Entretien

Tenir maison

Une recette à la Rodrigol

Fondées en 2003 par Pascal-Angelo Fioramore, Claudine Vachon et André Racette, les Éditions Rodrigol occupent une place à part dans le paysage littéraire québécois. Depuis quinze ans, leurs fondateurs n’ont jamais sollicité de subventions auprès des organismes gouvernementaux et fabriquent leurs livres de manière complètement indépendante. S’enrichissant de deux ou trois titres par année seulement, leur catalogue compte romans, recueils de poèmes, collectifs aux thèmes inusités: les chats, les sports, la campagne, les Monster Trucks. En effet, Rodrigol ne se distingue pas seulement par son mode de fonctionnement, mais par l’idée singulière de la littérature qu’elle défend.

La genèse de Rodrigol se trouve du côté des arts de la scène. En 1995, Pascal-Angelo Fioramore est le chanteur des Abdigradationnistes, un groupe dont les chansons à l’humour absurde s’inspirent de textes dadaïstes. À cette époque, Fioramore devient l’un des artisans de soirées-cabaret de performances poétiques où le caractère loufoque et parodique domine. Cette volonté affichée de tourner en dérision le monde littéraire, ou plutôt le sérieux dont se drape le monde littéraire, se transposera dans le travail des Éditions Rodrigol. Les auteurs de la maison, puisant leurs références et leurs thèmes autant du côté des avant-gardes historiques que de la culture pop, sont animés par l’intention de jouer de la chose littéraire et de ses codes.

Pour souligner le quinzième anniversaire de la maison, Liberté a rencontré ses deux directeurs actuels, Pascal-Angelo Fioramore et Claudine Vachon, pour discuter des défis et des dilemmes qui sous-tendent un projet comme le leur.

Lorsque vous avez fondé Rodrigol, il y a une quinzaine d’années, le nombre de petites maisons d’édition n’avait rien à voir avec ce qu’on trouve maintenant. Est-ce que vous avez le sentiment que la multiplication de petites maisons a changé votre place dans cet écosystème et votre rôle sur la scène littéraire? Et est-ce que votre conception de la littérature s’est transformée depuis?

Pascal-Angelo Fioramore – Quand on a commencé, il y avait effectivement des maisons d’édition qui étaient bien établies et il y avait une difficulté, pour beaucoup d’auteurs, à entrer dans ces maisons-là qui, au fond, ne correspondaient pas vraiment à la littérature qui voulait se faire, à ce qui émergeait comme parole. Il y avait un véritable besoin pour les jeunes auteurs. On n’a pas non plus fondé notre maison dans l’idée de publier nos propres textes, mais pour répondre à ce besoin, et ça s’est fait d’une façon naturelle.

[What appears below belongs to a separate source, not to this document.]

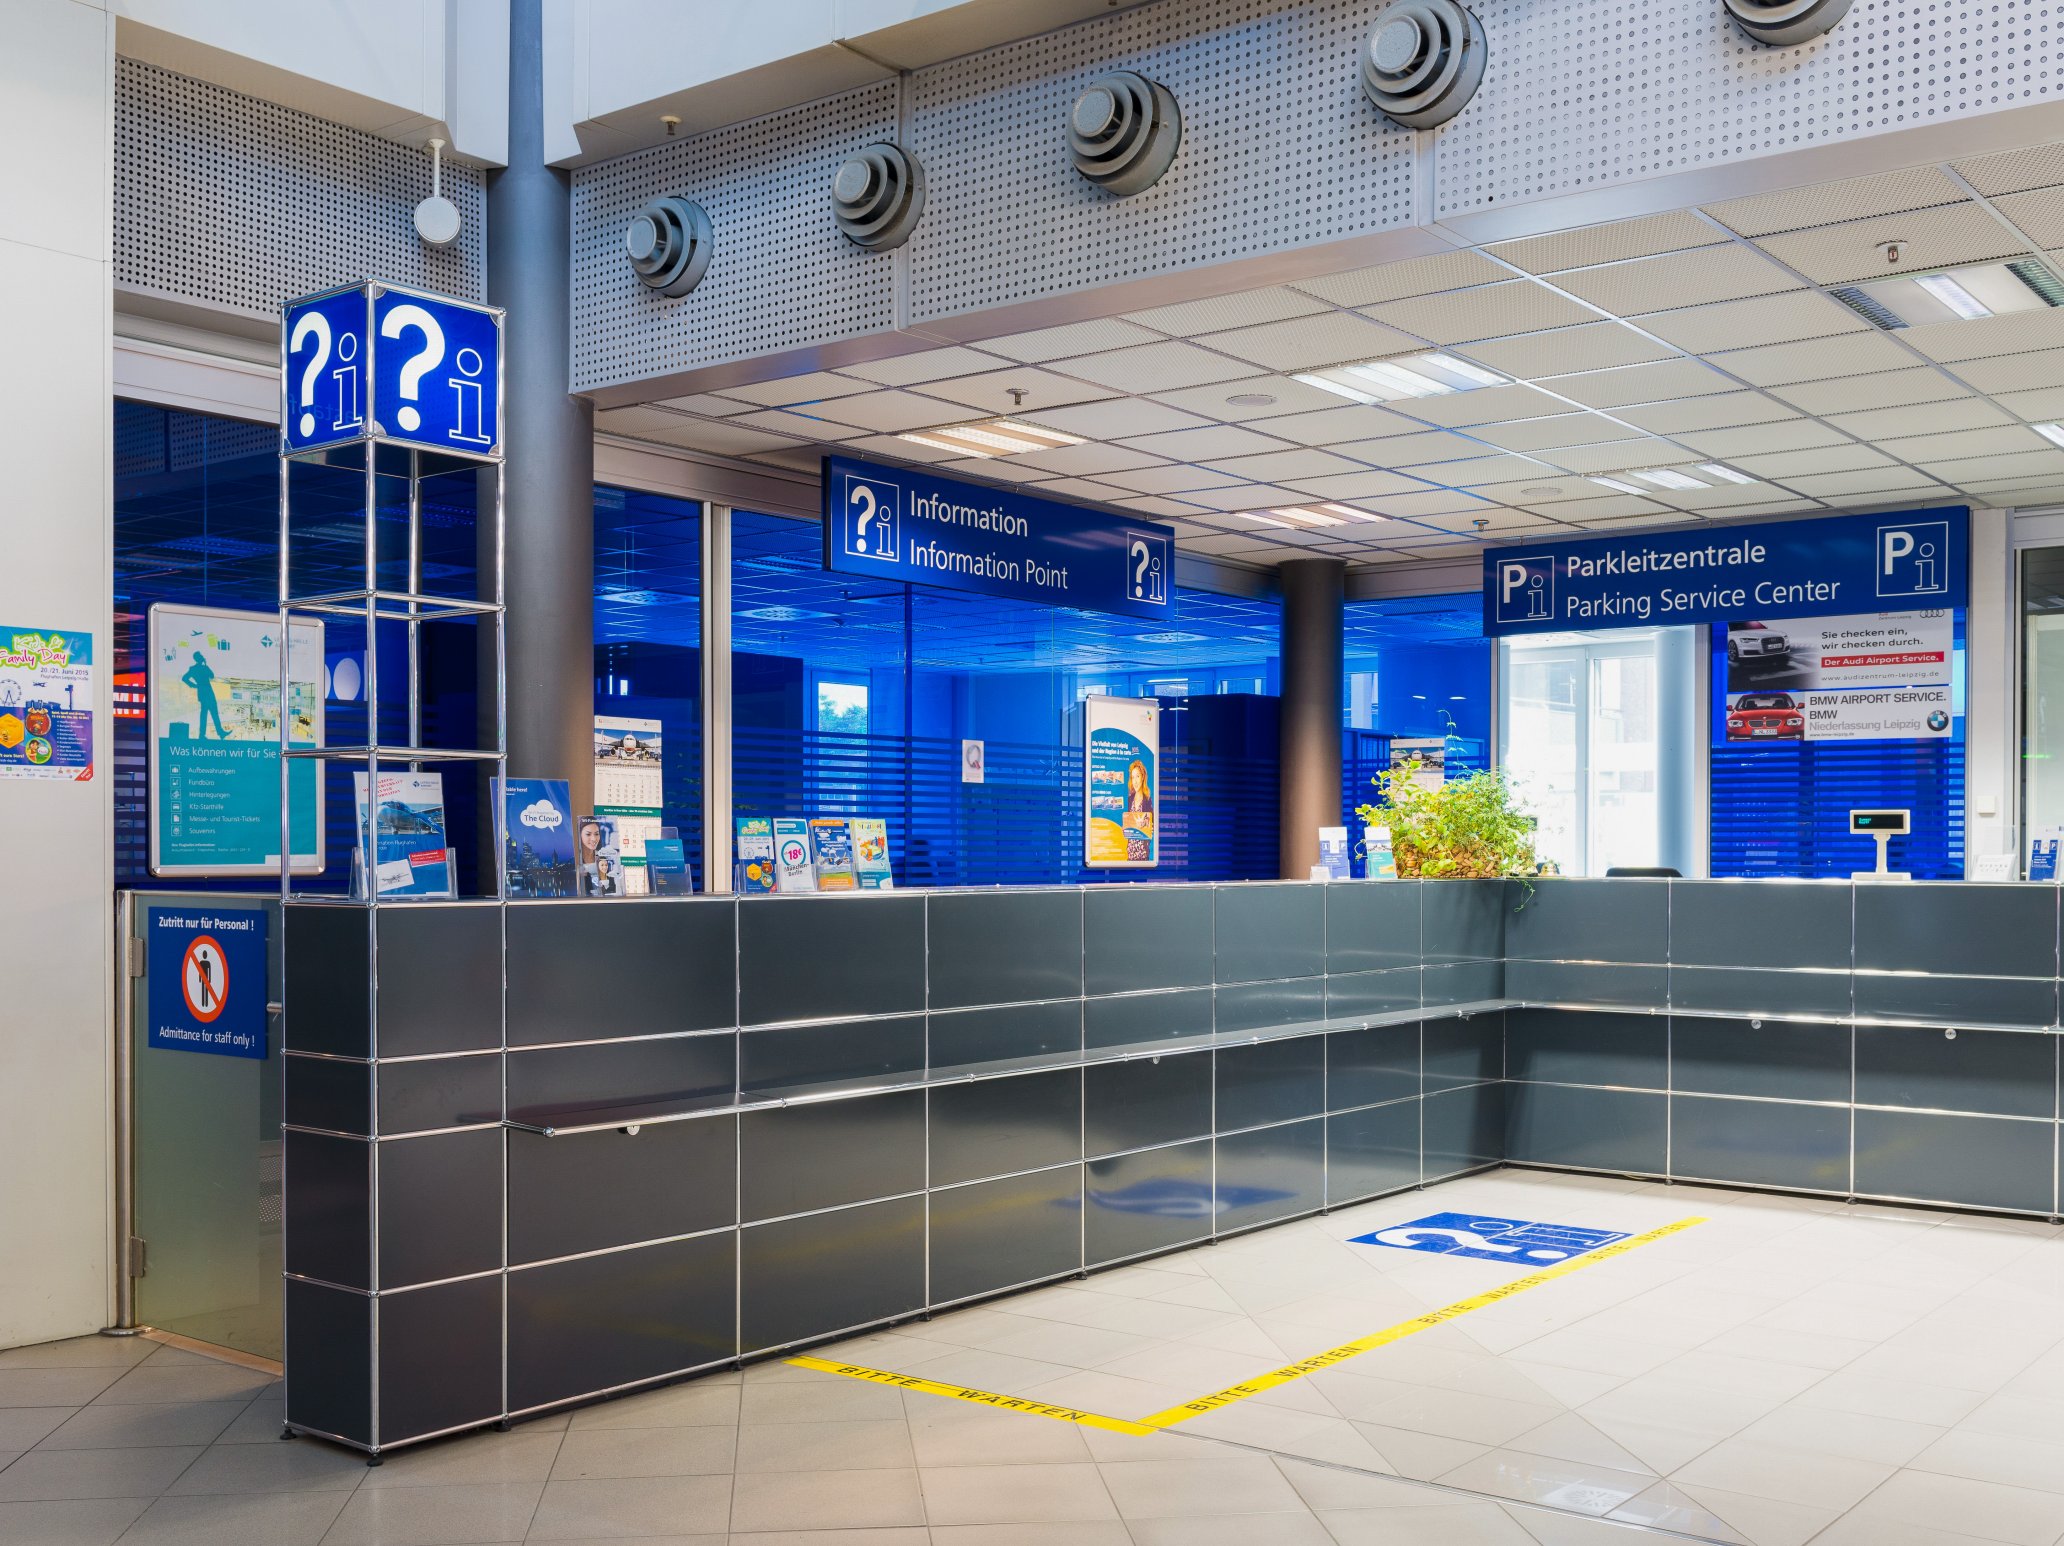 USM Airport Halle-Leipzig – point information

Claudine Vachon – Oui, et c’est ça la grande différence. On n’a pas fondé les Éditions Rodrigol par rapport aux autres maisons, mais par rapport à l’espace littéraire que nous pouvions et voulions occuper, au départ dans les cabarets, surtout. Les cabarets Rodrigol étaient des laboratoires de création incluant des sketches humoristiques, de la poésie, de la musique, des courts-métrages et de la performance, le tout sous le doux signe des PPP, «prestations, pitreries et party».